Gov. Jay Nixon has promised to hold funding for kindergarten through 12th-grade schools flat for the next school year, applying federal stimulus money to fill an expected $112 million gap in state aid to schools.
State funding accounts for about 37 percent of the Jackson School District's $41.28 million budget, according to Wade Bartels, the district's chief financial officer. Bartels said it's hard to call flat funding a fiscal victory, but it is a significant improvement from the state budget projections late last year.
"When you say revenues are going to be flat, our costs aren't," he said. "We would consider ourselves better off than other states, like our neighbors across the river, and we count our blessings for that.
"But the cost of health care, retirement, general employee costs, food, fuel, energy, none of that stuff is going down."
For now, district officials don't foresee job cuts or wage freezes.

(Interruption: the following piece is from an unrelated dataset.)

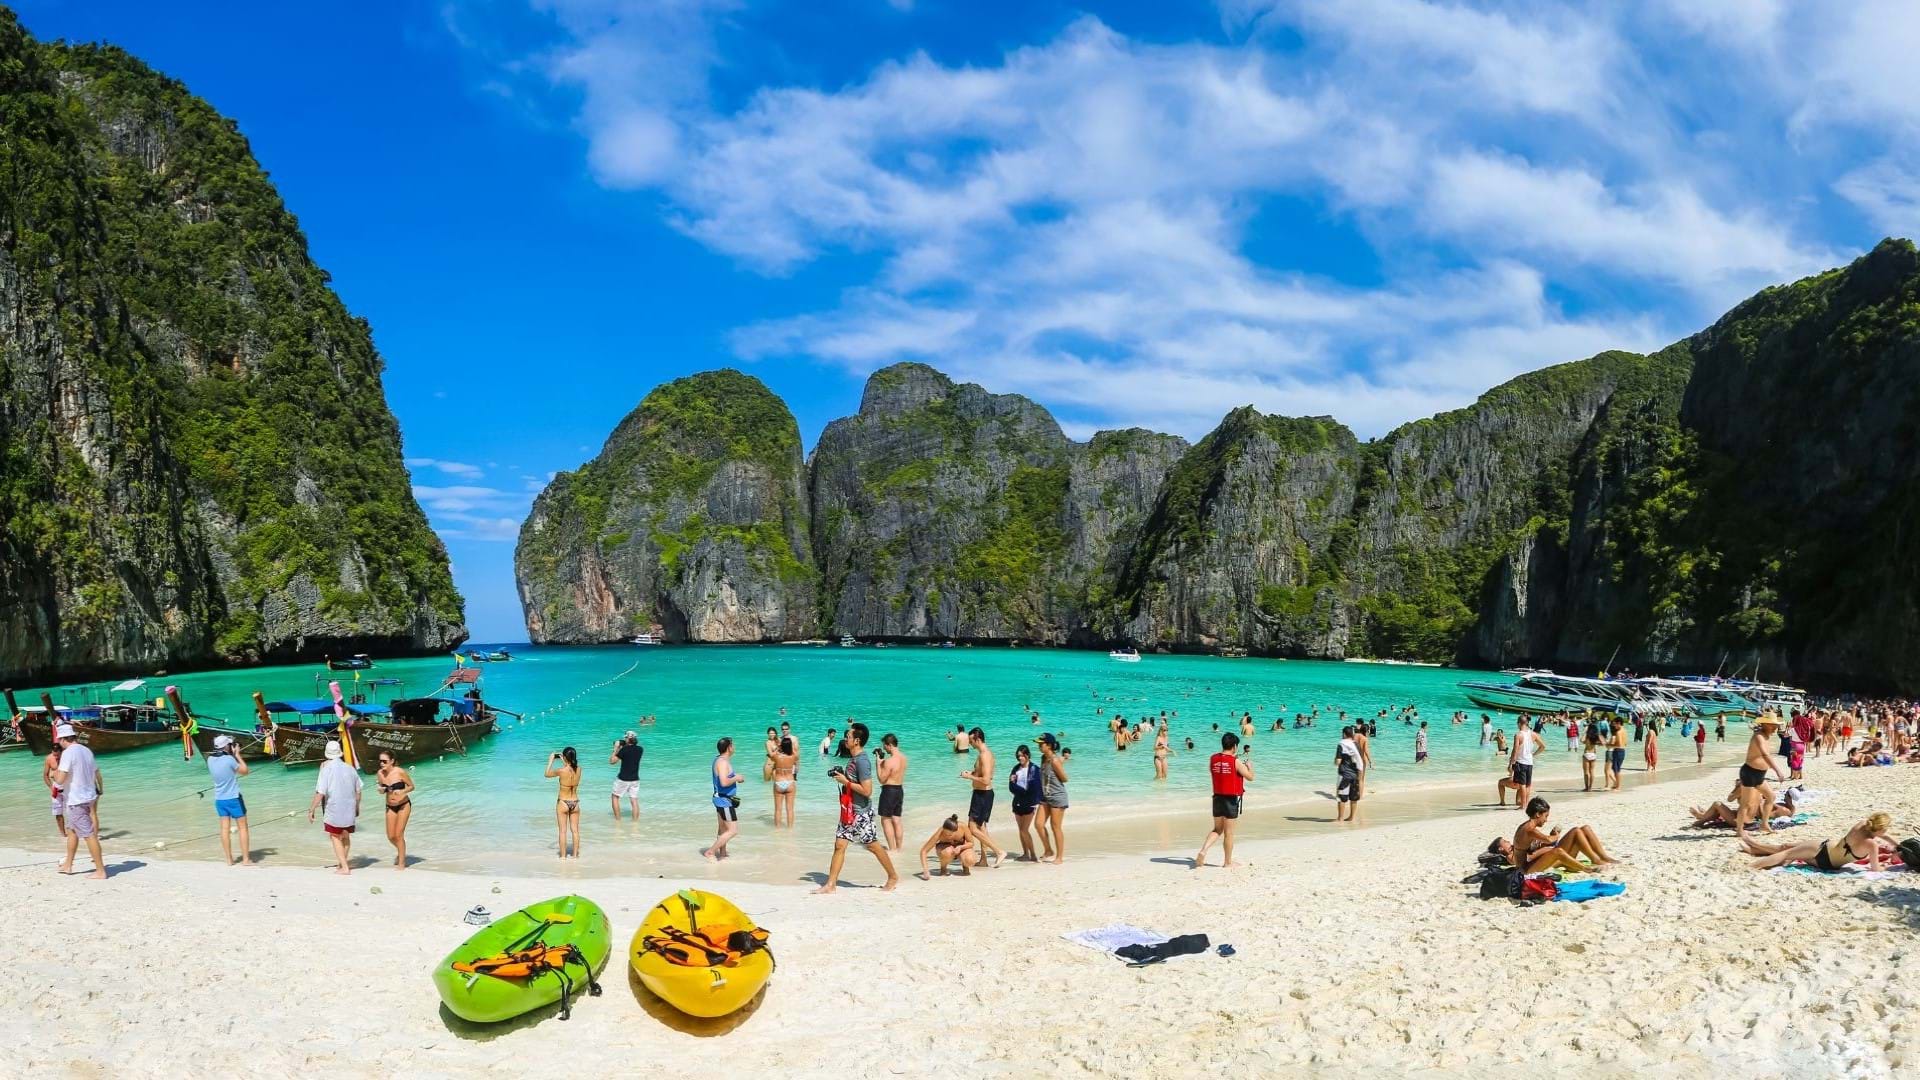 Tajland Puket, najpopularnija destinacija ove prelepe zemlje.

But there are plenty of questions and no guarantees for Missouri school districts as they construct their budgets. Just what happens to the state's school funding formula and how much of the old formula will be factored into the new remain a matter of political debate. There are scores of possible budget scenarios, Bartels said, some trimming state aid to the district by as much as $200,000.
"It's hard to really start making any hard decisions when the pool of funds is changing," he said.

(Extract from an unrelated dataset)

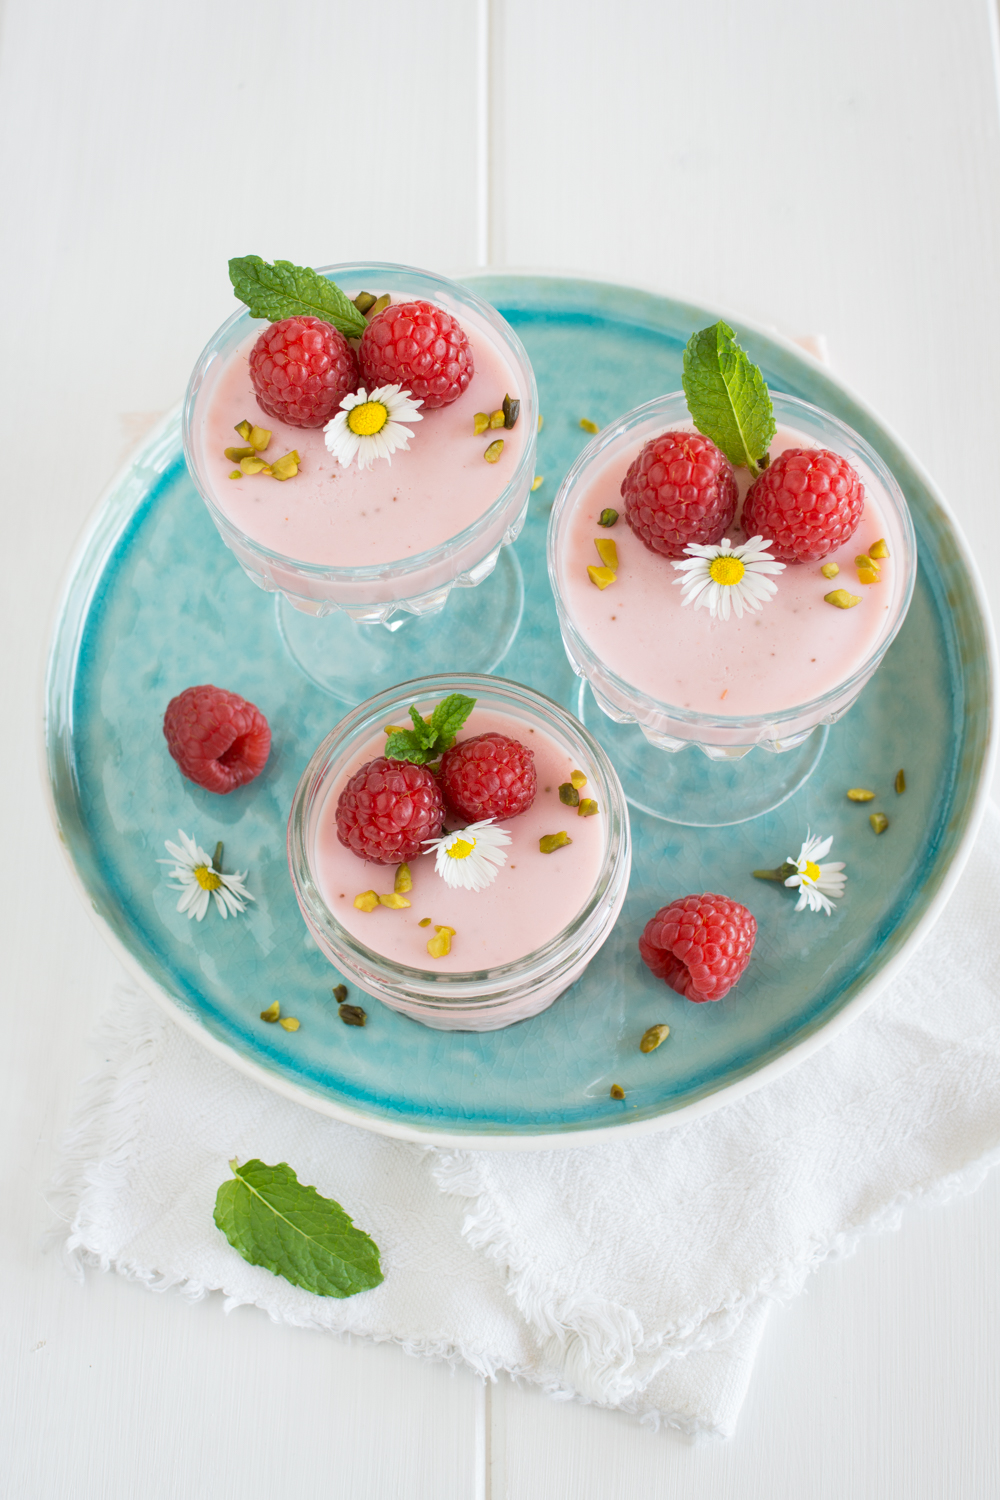 Sommerliches Dessert im Glas: Himbeercreme | Tolles Rezept

If history is any indicator, Jackson will receive significantly fewer state dollars than the state average. Longtime Jackson School Board member Dr. T. Wayne Lewis said that when it comes to aid, Jackson is one of the poorest districts in the state.

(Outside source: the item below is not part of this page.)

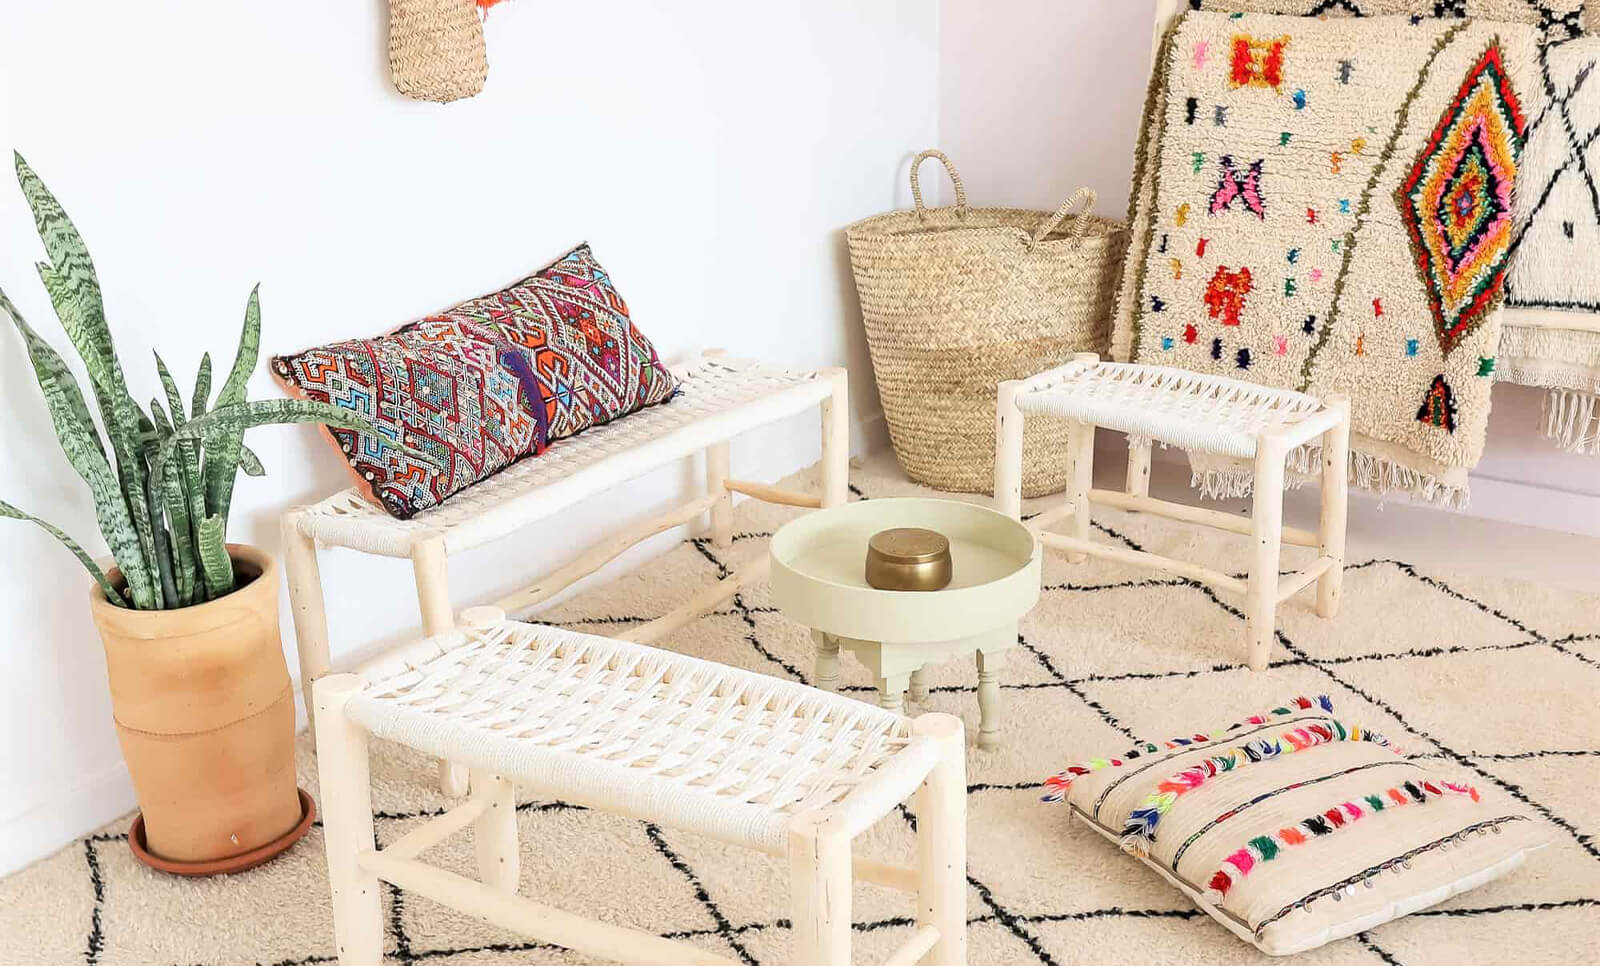 Buy a Berber carpet in Marrakech: Feedback

In 2010, the Jackson School District received $7,219 in state funding per student, or average daily attendance, about $2,500 less than the state average, according to a review of data from the Missouri Department of Elementary and Secondary Education. Jackson ranks 45th lowest in state funding among Missouri's 522 school districts, Bartels said.
By comparison, the Cape Girardeau School District received $9,751 in state aid per average daily attendance in 2010.
Lewis said the district has learned to live leaner over the years.
"Money hasn't bought it," he said of the district's academic success despite the lower levels of state aid. "The lucky thing is we're in a community that encourages education."
The district has seen continued growth on the local front, however. Total assessed valuation last year was about $385 million, growing by about 1.2 percent from the previous year, Bartels said. Local dollars make up about 52 percent of the district's funding.
There are other bright spots. Thanks to an improving state revenue picture, Missouri's school districts have seen the return of some $17 million in transportation aid. The Jackson School District, which operates its own bus system covering about 285 square miles, lost about half of the $700,000 in state transportation aid for the current school year. The recent infusion of state cash brought back about $70,000 to the district's transportation budget, Bartels said.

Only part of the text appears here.